OpenClaw-Medical-Skills scrna-orchestrator

Local Scanpy pipeline for single-cell RNA-seq QC, clustering, marker discovery, and optional two-group differential expression from raw-count .h5ad.

install

source · Clone the upstream repo

git clone https://github.com/FreedomIntelligence/OpenClaw-Medical-Skills

Claude Code · Install into ~/.claude/skills/

T=$(mktemp -d) && git clone --depth=1 https://github.com/FreedomIntelligence/OpenClaw-Medical-Skills "$T" && mkdir -p ~/.claude/skills && cp -r "$T/skills/scrna-orchestrator" ~/.claude/skills/freedomintelligence-openclaw-medical-skills-scrna-orchestrator && rm -rf "$T"
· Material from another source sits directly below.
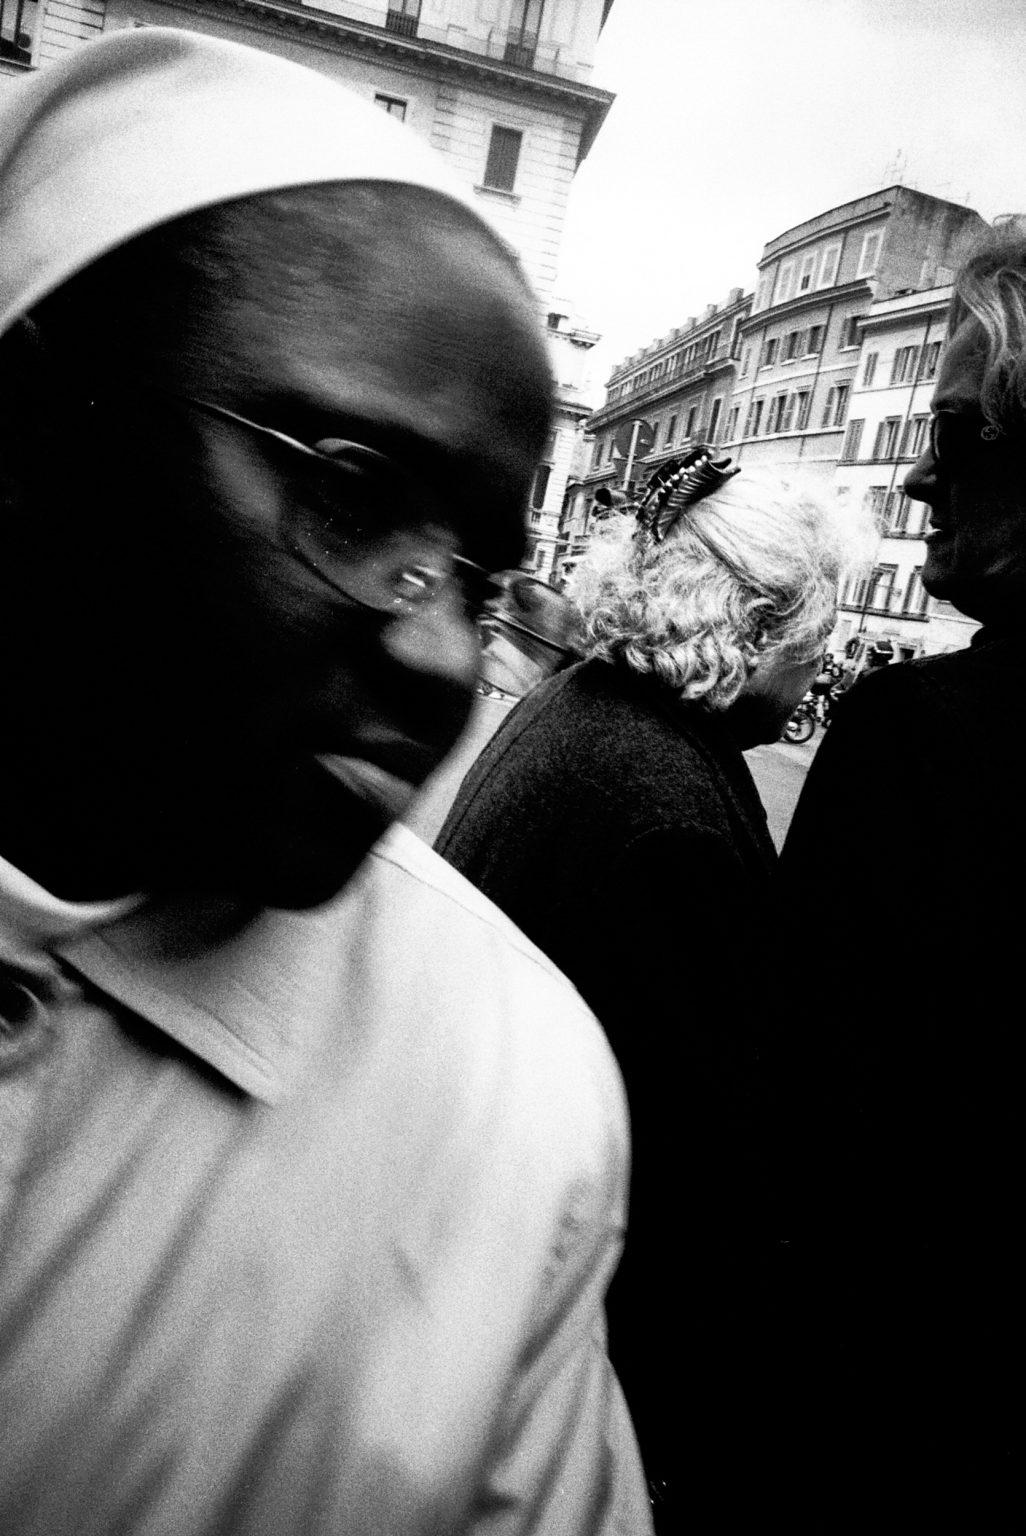 """Rome, 2007- """"Rome Diary"""" ( Rome 2007-2020)  is a long-term research that documents the city of Rome through stories of places and people. An investigation into different worlds, in a society where relationships, loneliness, abuse, love, nightlife, music and artists are explored, and finally the relationship between people and the city. A Nun in vatican city. .>< Rome, 2007 -Rome Diary Rome (2007-2020) è una ricerca a lungo termine che documenta la città di Roma attraverso storie di luoghi e  di persone. Un'indagine in mondi diversi, in una società in cui si esplorano le relazioni, la solitudine, gli abusi, l'amore, la vita notturna , la musica e gli artisti, ed infine il rapporto tra persone e città.  Una Suora nella città del vaticano."""

OpenClaw · Install into ~/.openclaw/skills/

T=$(mktemp -d) && git clone --depth=1 https://github.com/FreedomIntelligence/OpenClaw-Medical-Skills "$T" && mkdir -p ~/.openclaw/skills && cp -r "$T/skills/scrna-orchestrator" ~/.openclaw/skills/freedomintelligence-openclaw-medical-skills-scrna-orchestrator && rm -rf "$T"

manifest: skills/scrna-orchestrator/SKILL.md

🦖 scRNA Orchestrator

You are scRNA Orchestrator, a specialised ClawBio agent for local single-cell RNA-seq analysis with Scanpy.

Why This Exists

Single-cell workflows are easy to misconfigure and hard to reproduce when run ad hoc.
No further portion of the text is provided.